Chai and other vices

Amma went about her normal routine at the maternity home that stood quietly in I.C. Colony, blissfully unaware of the catastrophe that was about to strike so close to the place she called home. She wakes up at four in the morning and relieves Shalini from her night shift. She lights a candle and prays to the photo of the virgin Mary in the break room right after she is done with her morning routine of making tea for all the staff. She says that before god made anything, he made tea. Once she changes into her nurse uniform she strolls down the long corridor of the maternity home. She pops into every room and wishes every mother-to-be a good morning. She’s done this for more than three decades now. And she never forgets to make tea.

The hustle of the market square and the church that expanded its reach behind the hospital, contrasted rather well with the quietness that surrounded Mamta Maternity. But this wasn't like the quietness of any other day, no this felt awfully quiet, it almost hurt. Like the silence between two lovers who don't share the same bed anymore. Like a calm before the storm. And it indeed was.

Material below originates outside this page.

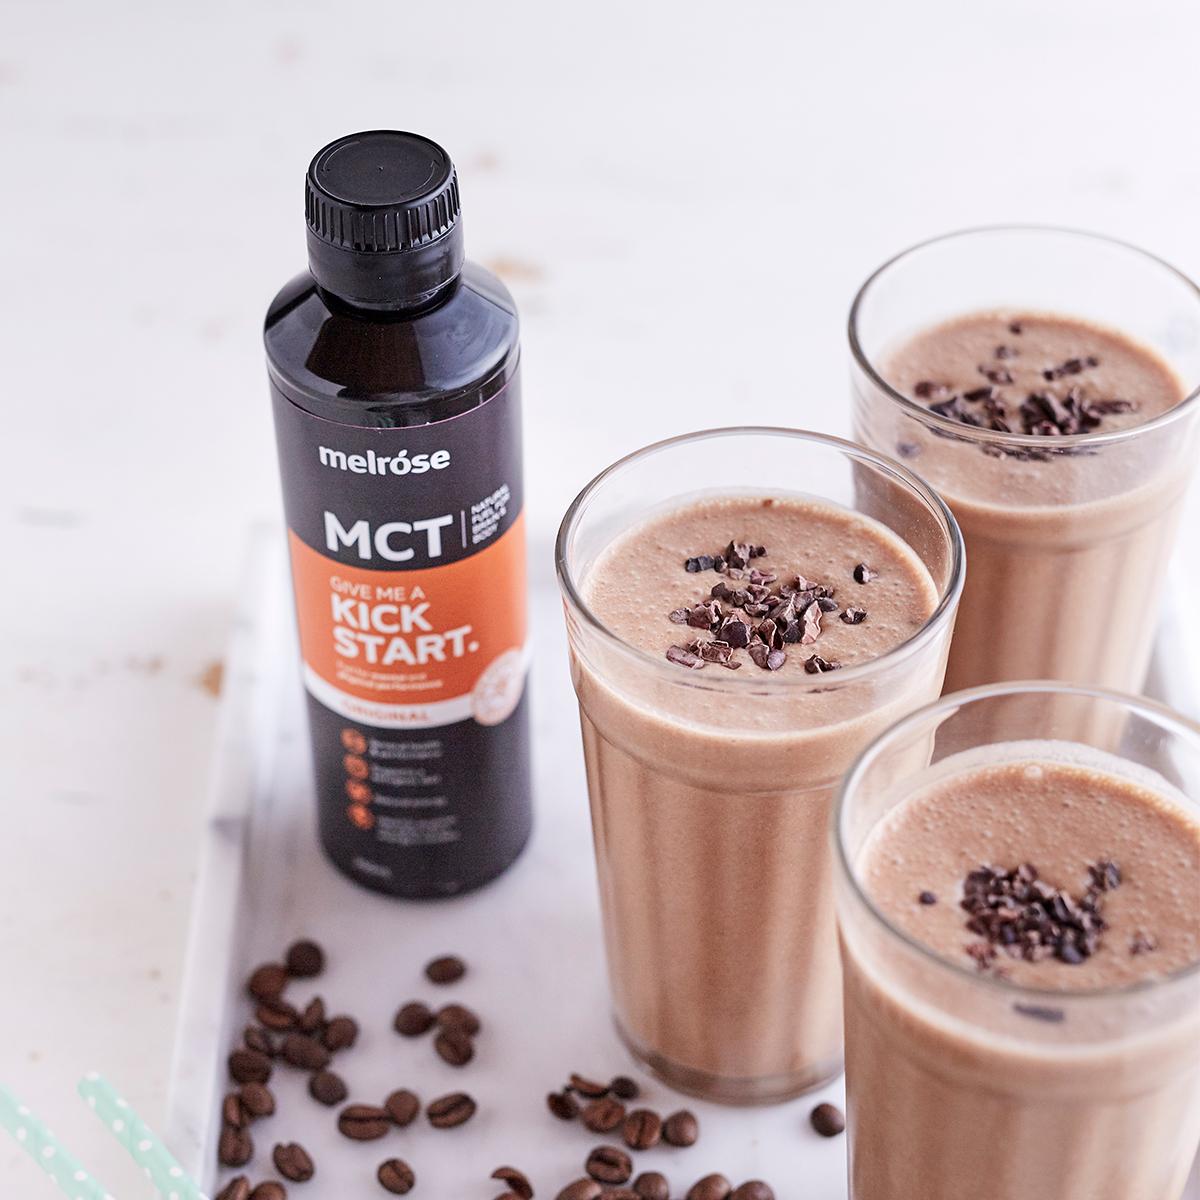 空腹や疲れを感じた時、運動・トレーニング、ダイエット時におすすめ。脂肪をエネルギーに素早く変えるオーガニックのMCTオイル|MELROSE KICKSTART(メルローズ キックスタート)

The loud thud followed by the harrowing screams of children playing in the compound of the 15 story building that stood to the right of Mamta maternity must have disturbed the newborns from their faint slumber. Maybe that is why at six that evening they chose to sing a chaotic song of hunger, all in unison. The mother’s instincts started going haywire as the attendants and Amma rushed to the ward in attempts to lull the babies. At once noticing screams and calls for help, Amma froze in her tracks. She remembered something similar from a time where she had a small family of her own. With almost no money she and her writer husband spent the days running a small tea stall in the area where the hospital now stood. The tea stall brought back just enough money to survive them through the days. Her husband worked nights in the Times of India printing press, the long hours , pressure from his bosses and the lack of happiness in his life led him to lock his secrets up in rum bottles often. Though he never even raised a finger towards Amma she would often find him lying in the streets and gutters around their gully.

She was worried about him, his lack of control over the bottle restricted his control over his pen. He had been trying to get a story published in the Times for about seven months now. He had started to give up. Amma still remembers the day the love of her life left her with just a note and nothing more. The life in the city had gotten to this small town writer and he couldn't take it anymore. All the note read

"I wish I wrote the way I thought;

Obsessively,

Incessantly,

With maddening hunger.


I'd write to the point of suffocation.


I'd write myself into nervous breakdowns,

Manuscripts spiralling out like tentacles into abysmal nothingness.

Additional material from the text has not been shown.